The same can be done for the FeedLog with

In [8]: my_expt.feeds
StartTime	StartFrame	FeedTubeIdx	FlyID	ChoiceIdx	AviFile	FeedVol_µl	FeedDuration_ms	Evap-mm3/s	Valid	...	Maximum Age	Tube1	Tube2	Temperature	FlyCountInChamber	AverageFeedVolumePerFly_µl	AverageFeedCountPerFly	AverageFeedSpeedPerFly_µl/s	FoodChoice	FeedLog_rawfile
532	NaN	NaN	0	2017-03-14_13-17-28-MB312B-Gal4-UAS-TrpA1-22_Fly1	0	NIL	NaN	NaN	NaN	False	...	7	100mM_Sucrose	100mM_Sucrose_100mM_Arabinose	22	1	NaN	0.0	NaN	100mM_Sucrose	FeedLog_2017-03-31_13-42-10-MB312B-Gal4-UAS-Tr...
534	NaN	NaN	1	2017-03-14_13-17-28-MB312B-Gal4-UAS-TrpA1-22_Fly1	1	NIL	NaN	NaN	NaN	False	...	7	100mM_Sucrose	100mM_Sucrose_100mM_Arabinose	22	1	NaN	0.0	NaN	100mM_Sucrose_100mM_Arabinose	FeedLog_2017-03-31_13-42-10-MB312B-Gal4-UAS-Tr...
492	14/03/2017 13:36:26.081	4133459.0	0	2017-03-14_13-17-28-MB312B-Gal4-UAS-TrpA1-22_Fly1	0	FeedEvent_0_2017-03-14_13-36-26.081.avi	0.237945	68506.0	0.000023	True	...	7	100mM_Sucrose	100mM_Sucrose_100mM_Arabinose	22	1	0.237945	1.0	0.003473	100mM_Sucrose	FeedLog_2017-03-31_13-42-10-MB312B-Gal4-UAS-Tr...
493	14/03/2017 13:40:27.382	4140719.0	0	2017-03-14_13-17-28-MB312B-Gal4-UAS-TrpA1-22_Fly1	0	FeedEvent_0_2017-03-14_13-40-27.382.avi	0.001197	8576.0	0.000086	True	...	7	100mM_Sucrose	100mM_Sucrose_100mM_Arabinose	22	1	0.001197	1.0	0.000140	100mM_Sucrose	FeedLog_2017-03-31_13-42-10-MB312B-Gal4-UAS-Tr...
494	14/03/2017 13:40:37.918	4141036.0	0	2017-03-14_13-17-28-MB312B-Gal4-UAS-TrpA1-22_Fly1	0	FeedEvent_0_2017-03-14_13-40-37.918.avi	0.001037	3424.0	0.000086	True	...	7	100mM_Sucrose	100mM_Sucrose_100mM_Arabinose	22	1	0.001037	1.0	0.000303	100mM_Sucrose	FeedLog_2017-03-31_13-42-10-MB312B-Gal4-UAS-Tr...
4295 rows × 28 columns

Each row of the .feeds DataFrame represents a single feed event, with the time, volume, and duration recorded. The metadata for each fly is also recorded.

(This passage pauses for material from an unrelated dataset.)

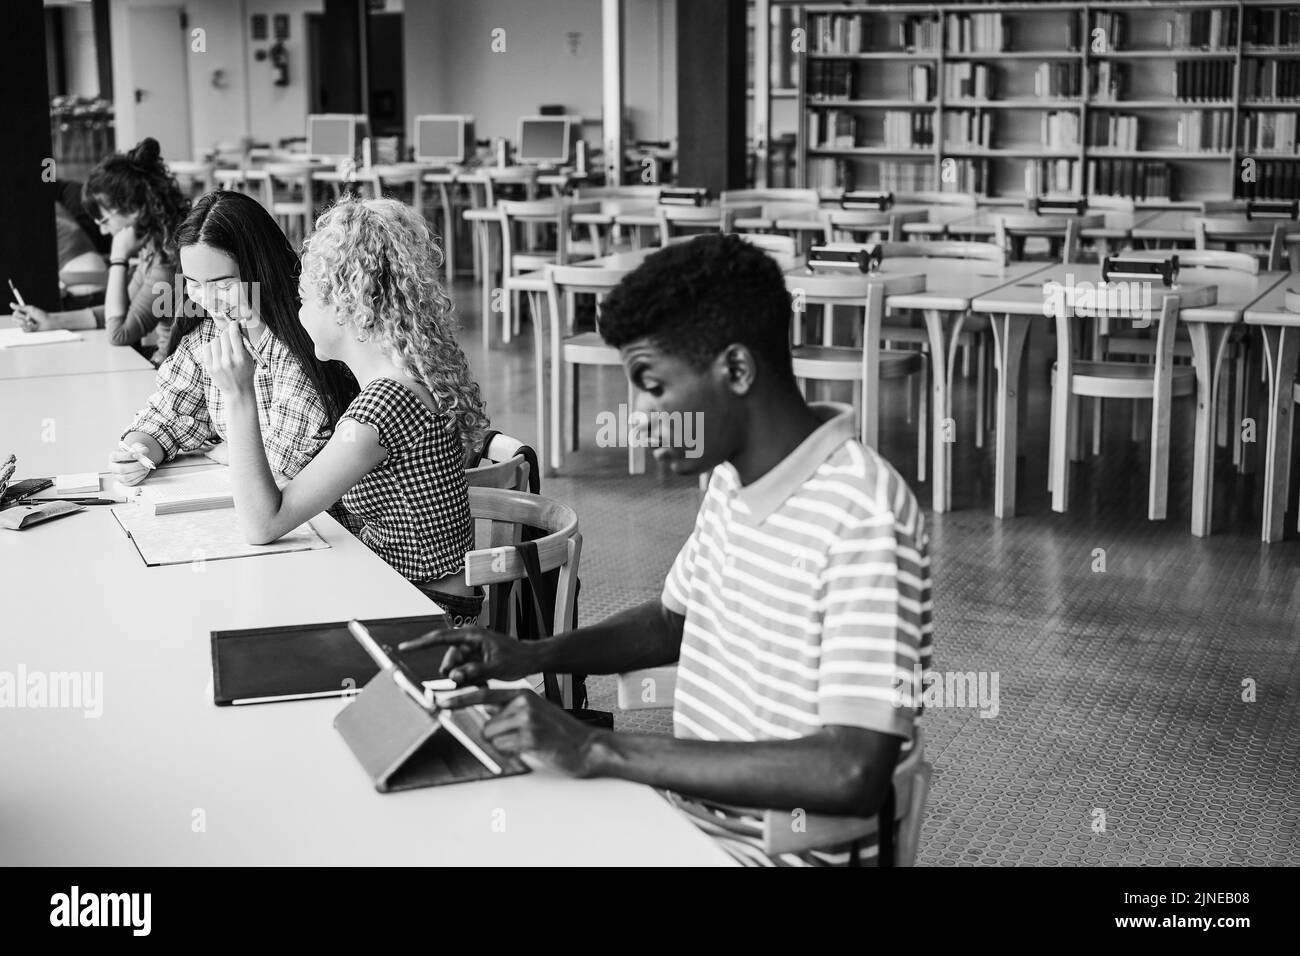 Junge multiethnische Gruppe von Studenten, die in der Universitätsbibliothek studieren - Fokus auf linkes Mädchengesicht - Schwarz-Weiß-Schnitt Stockfoto
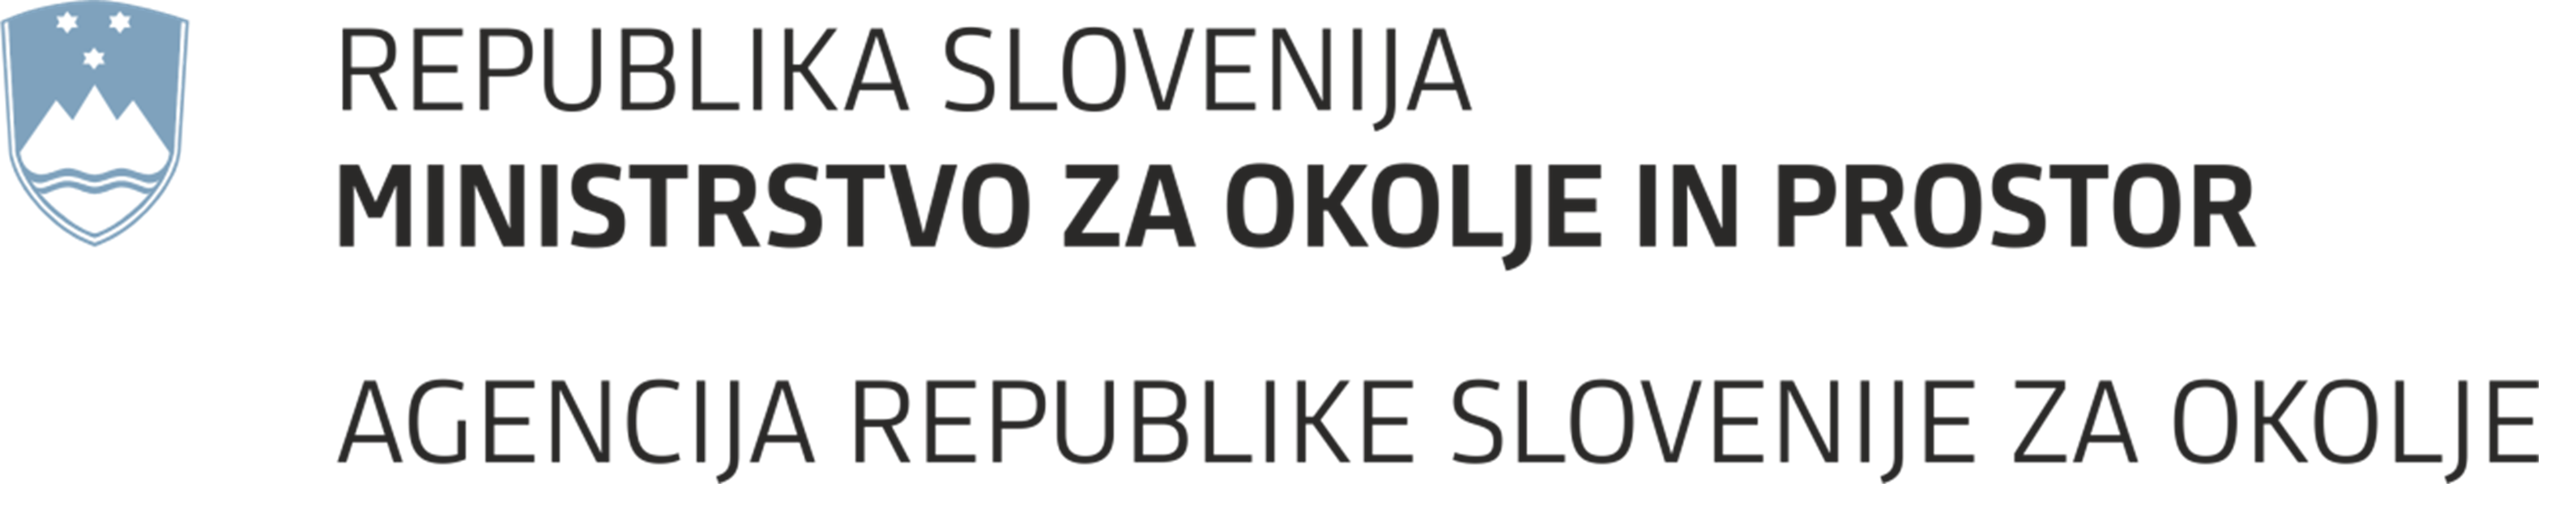 Logotip Agencije Republike Slovenije za okolje in prostor

Note: You will notice (as above) that some feeds have NaN in their FeedVol_µl and FeedDuration_ms columns. These feeds are padding, and should have feed times as either 0.5 seconds or as 6 hr 4 min 49 sec. These false feed events are included as padding to ensure that non-feeding flies and food choices that were not selected can be identified in further plots (e.g. contrast plots).